I would def say it's time to clean your potty area!!!
I would hose the area down real good, then use diluted bleach/water in a watering can to saturate the area real good. Don't let him out there until it totally dries. You both will be much happier with a smell-free potty area!
I do this at least once a week, sometimes more if we are having company, in my dog-run area.


----------



## Renee (Mar 27, 2008)

Ah Ha....the watering can idea is GREAT!!! I was thinking I'd try brushing it on with a broom, but I like the watering can idea better!! Thanks for the great idea Katie....


----------



## cjsud (Oct 26, 2008)

Well the area doesn't smell and I pick up everyday and keep it clean but I'm not sure about the stones? Do you think I should use the bleach on the stones? Can't hurt I guess.

I guess he's just lazy.

I was thinking that Hobbes is so big he'd need a sand box not a litterbox!ound:


----------



## murphymoesmamma (Apr 1, 2009)

cjsud said:


> Well the area doesn't smell and I pick up everyday and keep it clean but I'm not sure about the stones? Do you think I should use the bleach on the stones? Can't hurt I guess.
> 
> I guess he's just lazy.
> 
> I was thinking that Hobbes is so big he'd need a sand box not a litterbox!ound:


Too funny! How big is Hobbes?


----------



## cjsud (Oct 26, 2008)

He's on a diet and I think he's down to 18 pounds. When he kicks back after going you better get out of the way.:llama: the sand goes flying.


----------



## RCKNROB (Nov 27, 2007)

I thought my Havs were totally trained, one day Diva didn't see me and just squatted on the carpet and pissed.
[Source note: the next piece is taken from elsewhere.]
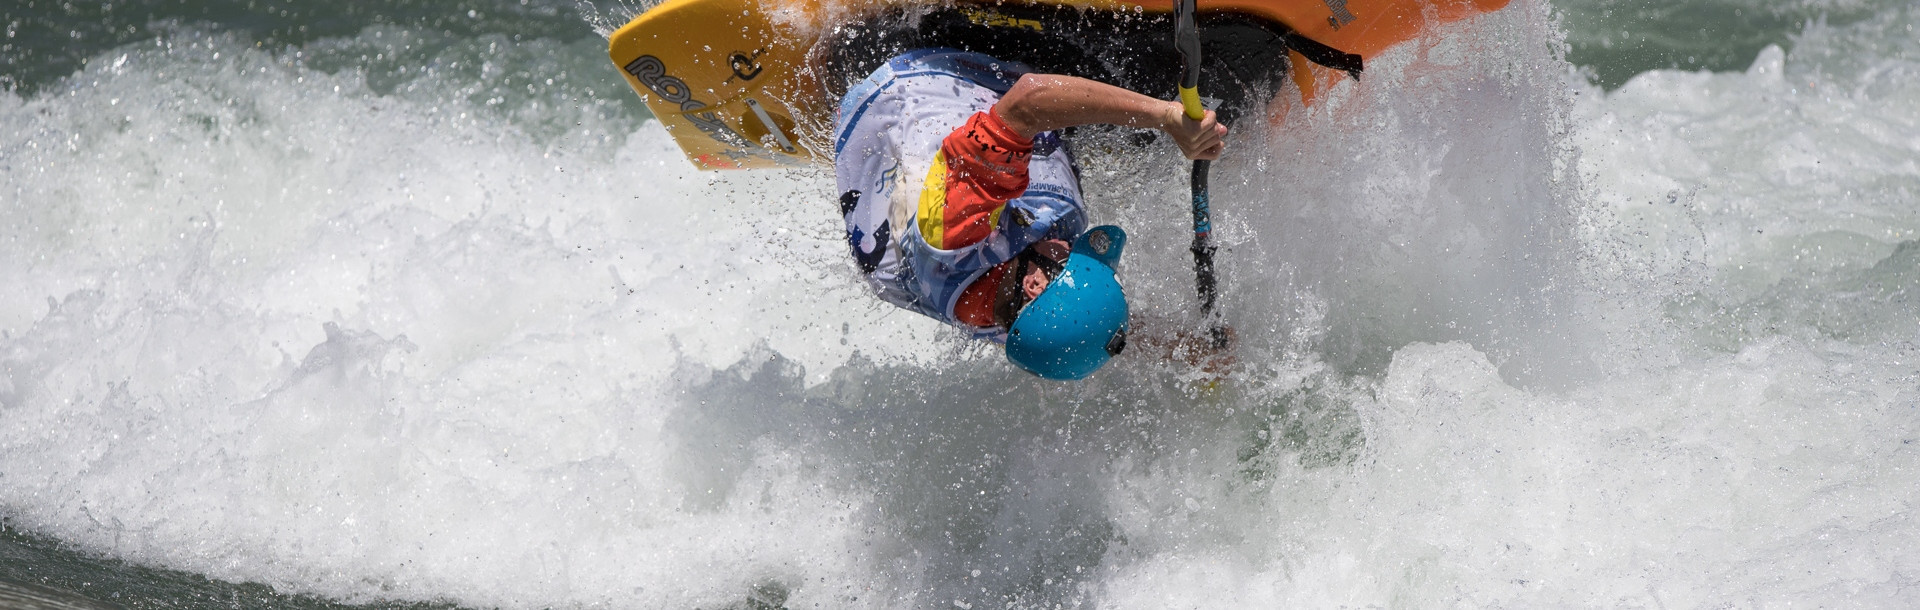 French prodigy tops men's junior kayak preliminary rankings at ICF Canoe Freestyle World Championships

I was shocked, we have a doggie door and it was the first time I had caught her. Augie has not been caught yet. I looked at the back of the rug and she had done it several times in that same spot. I think they get slack sometime and if they get by with it they continue. I make sure they are close to me so they don't have time to think about it. I think they might all slip up sometime. I have a silky bedspread and Diva loves to rub her face on it and slip under the cover. One day I was going to remake my bed so I put it in the floor. She pissed on that in front of me. Otherwise they are just perfect!


----------



## cjsud (Oct 26, 2008)

Your Diva sounds just like Hobbes. What the heck is going on? My perfect pup is turning into quit a little problem.


----------



## RCKNROB (Nov 27, 2007)

I think they are just thinking they are fooling us. I have to keep a closer eye on her. I guess they are not too scared of us are they?


----------